YOUNG children seeking a hug or cuddle will be discouraged by teachers under new guidelines outlining appropriate conduct between teachers and students.
And teachers will now be encouraged to use verbal rather than physical directions, particularly during dance and sport activities.
The State Government says the measures have been developed to protect teachers but the union fears they are too rigid in parts and do not balance good intentions of teachers or the context of their actions.
The guidelines, a joint initiative of the State Government, SA Association of Independent Schools and Catholic Education SA, will be sent to all schools, preschools and out of school hours care services this week.
"Never before have we had such a focus in South Australia on the need to protect and provide safe environments for children," Education Minister Jane Lomax-Smith said yesterday.
Under the guidelines, teachers should not initiate student tickling games or massages, drive a student unaccompanied or attend students' homes or social gatherings for personal reasons.
It also outlines ways for staff to respond to inappropriate behaviour between students and teachers, managing boundaries when working one-on-one with a student, and appropriate physical contact and restraint.
Australian Education Union SA president Andrew Gohl said the guidelines had put teachers "on notice".
"What we have to be careful of is not making these sorts of guidelines so prescriptive that it limits our ability to provide comfort to children," he said.
"The protection of children is paramount but it has to be balanced against the protection of our members with vindictive claims."
Dr Lomax-Smith said the move was "not about preventing teachers from touching children but making sure that they understand and respect boundaries".
"Caring, protective and encouraging forms of touch are healthy and are important to all humans, particularly in times of distress," she said.
Mr Gohl said the guidelines provided several pertinent questions teachers should ask themselves to weigh up different incidents.
But he questioned the violation of teachers attending students' homes or personal social gatherings.
"If you live in a country community there are those social situations you can't preclude," Mr Gohl said.
Education and Children's Services Department chief executive Steven Marshall said it was important teachers were provided with advice and support on the issue.

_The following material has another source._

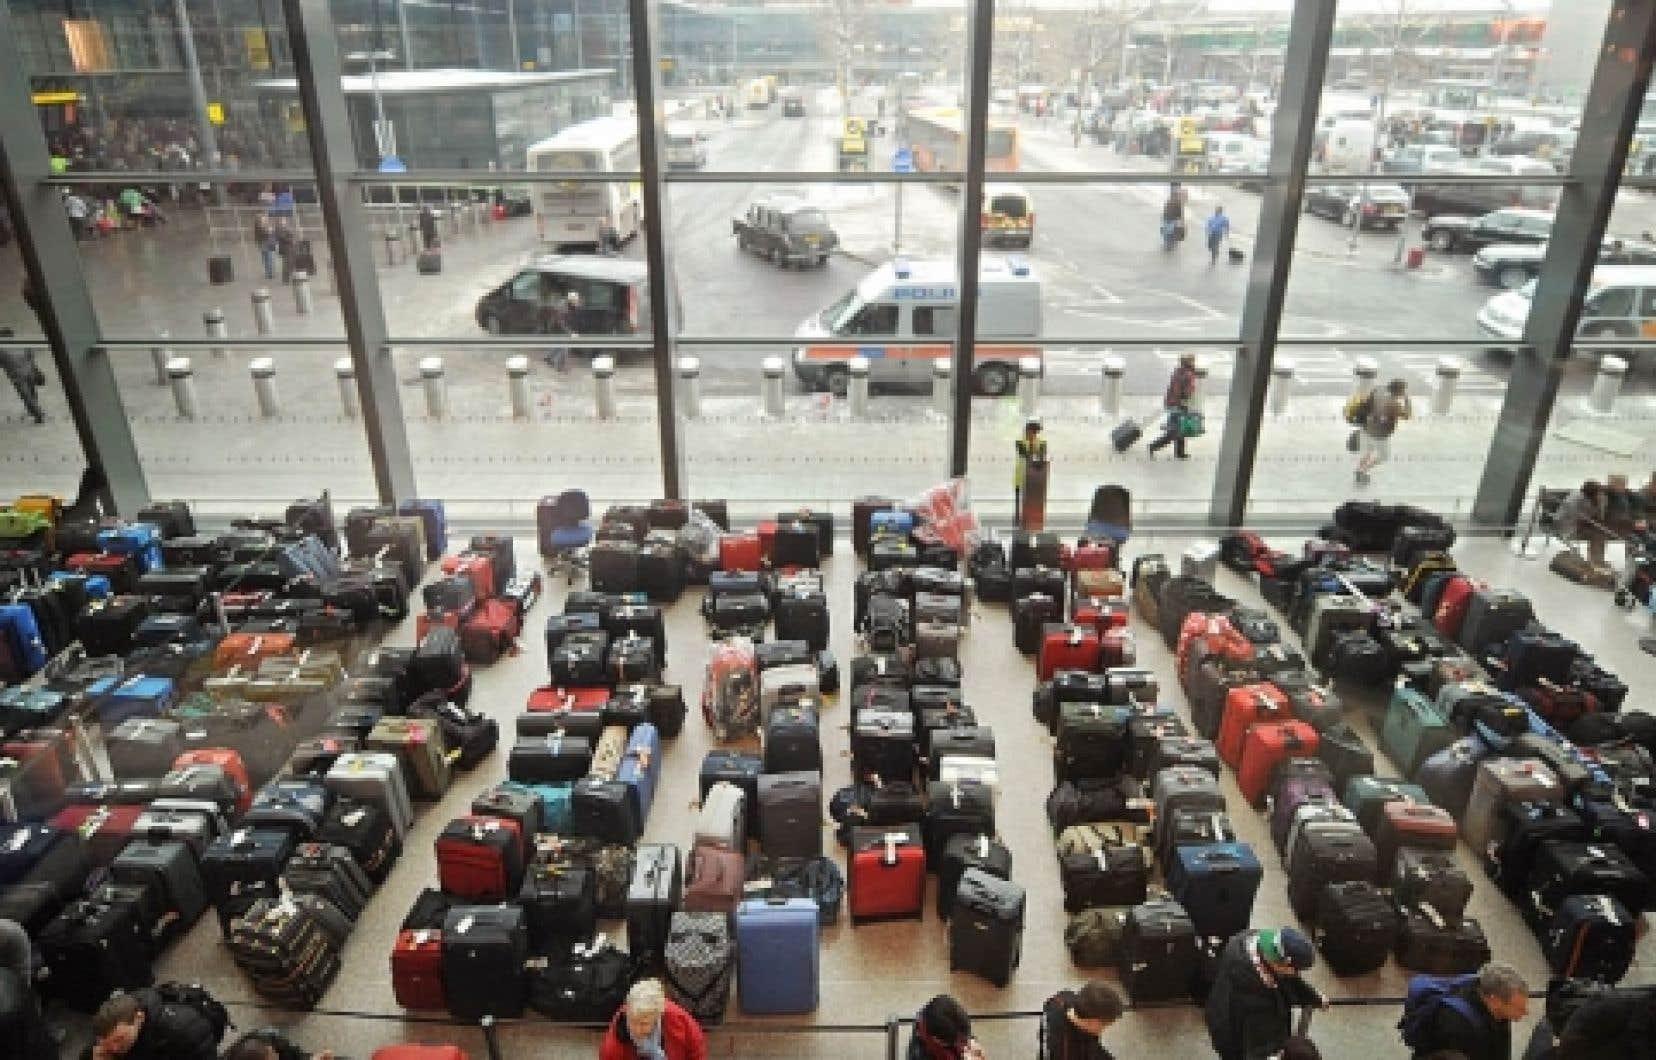 L'aéroport d'Heathrow, le plus fréquenté en Europe, estimait hier qu'il n'y aurait qu'un nombre restreint de vols qui décolleraient et atterriraient. Des passagers furieux se sont vu refuser l'accès à l'intérieur de l'aéroport, et ce, même s'ils étaient munis de leur carte d'embarquement pour des vols prévus hier.<br />

"We have put our heads together to get the best guidelines possible but we need to see them in practice but certainly if they need modification, we are open to that," he said.
Association of Independent Schools of SA executive director Garry Le Duff said the association would encourage its member schools to use the guidelines when developing child protection policies. "Teachers and school leaders have been concerned about this for some time," he said.
Catholic Education director Allan Dooley said the guidelines followed a series of child protection strategies initiated by the Adelaide Archdiocese in recent years.
Last year, six teachers were deregistered by the Teachers Registration Board for improper conduct or sexual offences relating to children.